The clear poly installed on the inside is super cheap & if you don't open
the window in the summer - you can just leave it up year 'round as it will
help with reduced air infiltration during the summer as well.

If installing the poly on the inside did not fully do the trick - you can
install poly on the outside - although it has to be installed in warmer
weather (above 50F) so the tape will stick to the window frame. I suppose
you could use a hair dryer to get the tape to bond if it is too cold right
now where you live. Finding exterior grade tape is much harder than the
interior tape. Be sure to remove this poly and tape in the spring as the
tape will bond to the window frame during the warm summer & it is then very
hard to get it off.

I put a couple of small holes in the poly at the top and bottom - using a
'lit then blown-out' match to melt the holes - This allows for vapor to
escape.


"patrick conroy" wrote in message
...
Grandma's house had 'em. Ours is a new house (7 years old) with builder
basic vinyl windows. There's one huge (6050) picture window on the north
side that just sheds in soooo much cold air - it's unbelievable!!! In
winter, the cold air just cascades down the thing!

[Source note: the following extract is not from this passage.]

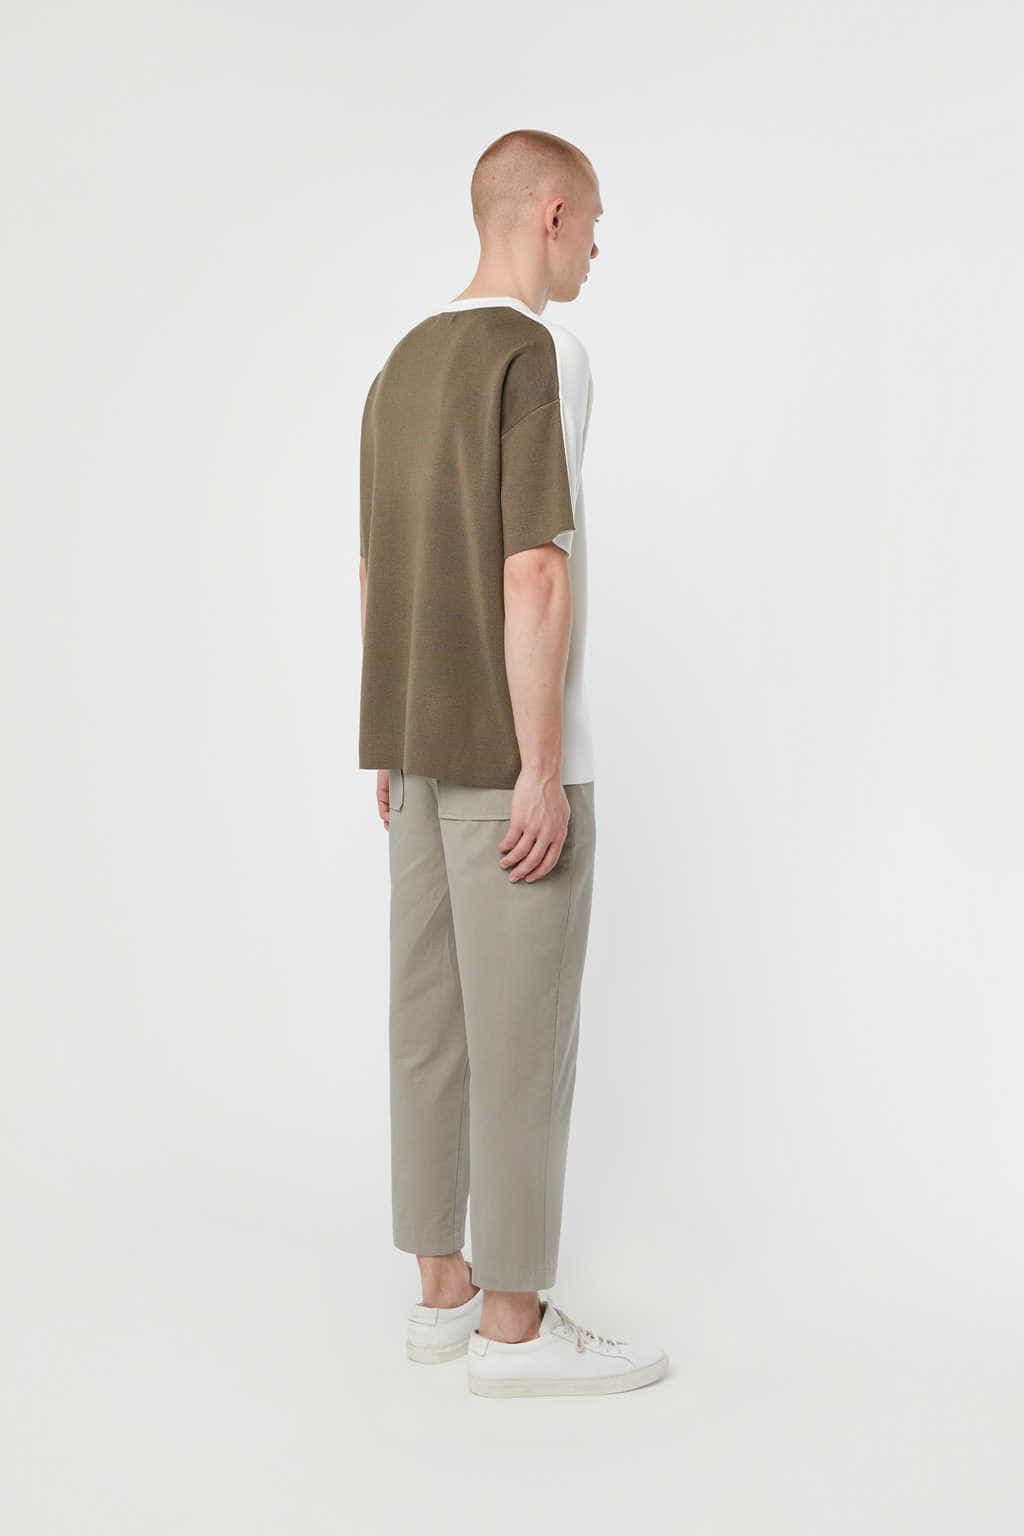 Sweater 3156 Cream 4
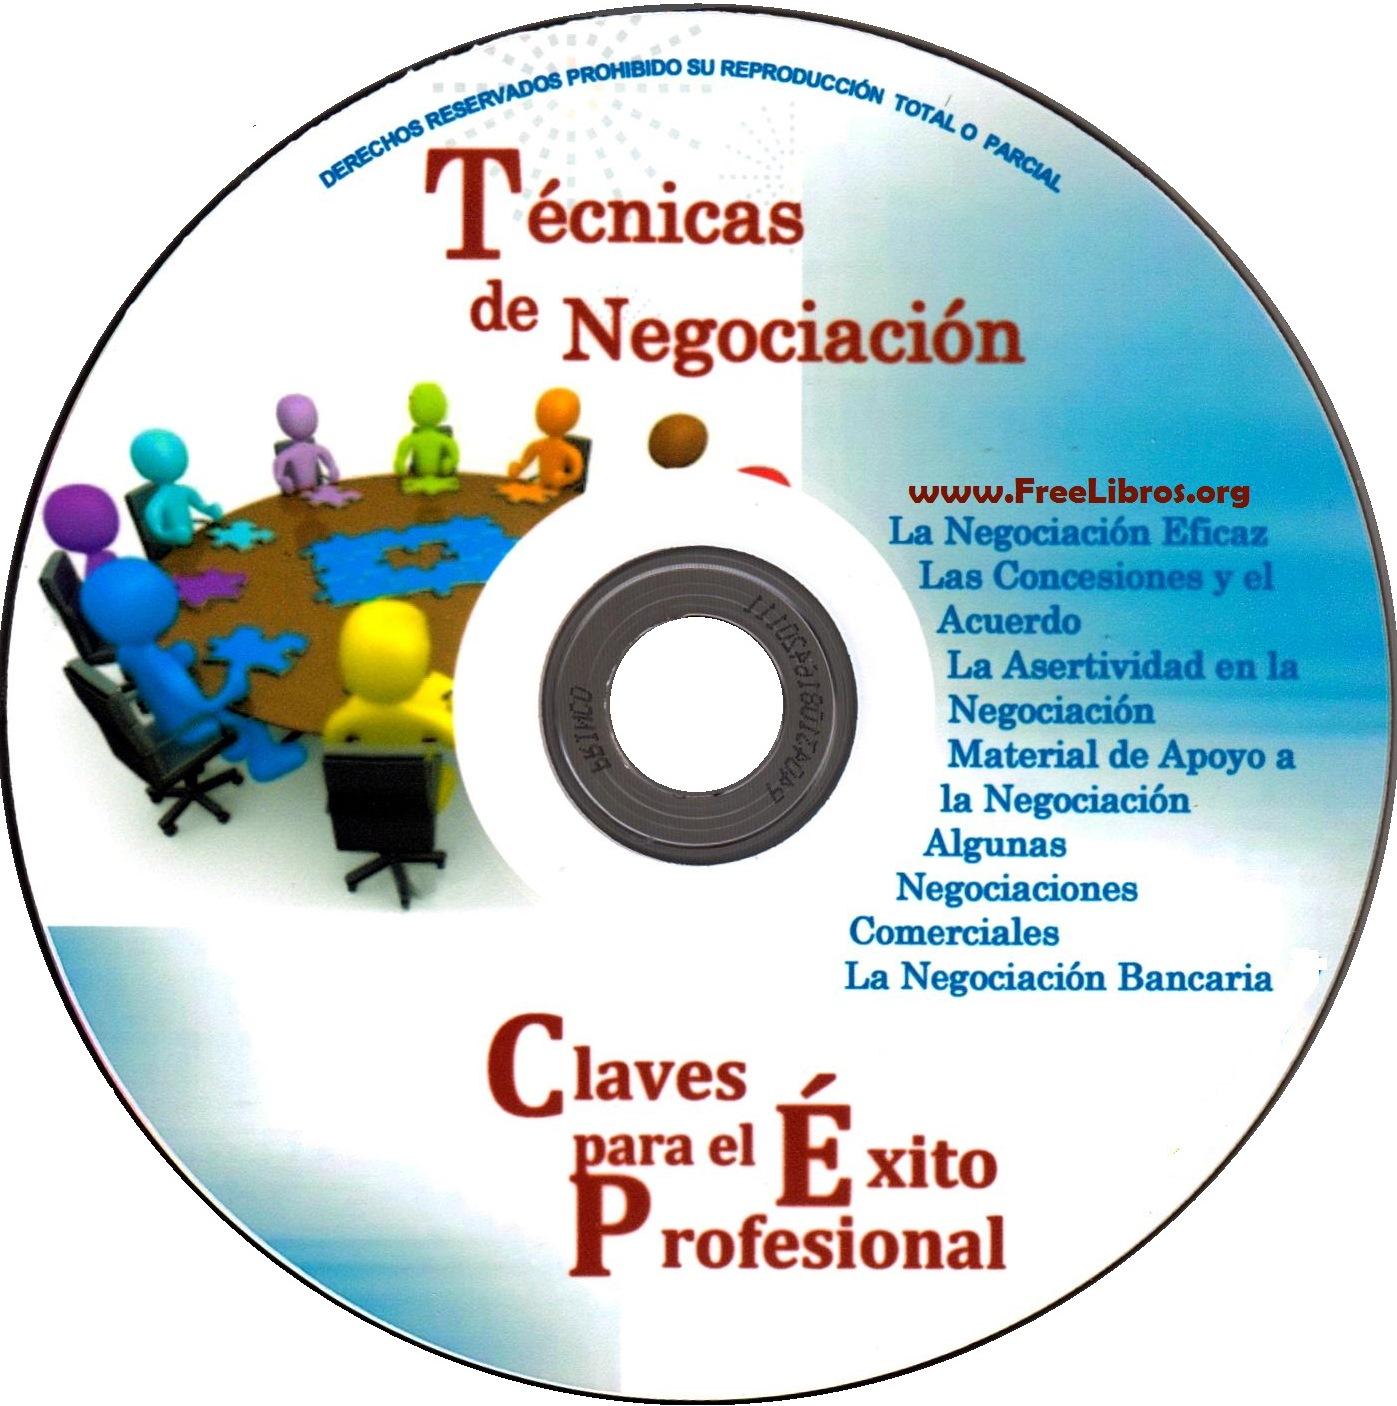 Técnicas de negociación: Claves para el éxito profesional

Budget's very tight - and I'm rather look for some inexpensive ways to
address the draftiness without looking at a replacement yet.

Put up some of that clear plastic sheeting - and it helped. But am now
looking for something that might last 3 or so years.

Watched an episode of This Old House where they had new windows going in a
historic house - and they had "energy panels" - essentially Storm Windows
on the inside.

That got me thinking - does anyone think a storm window might be a
reasonable approach on this picture window?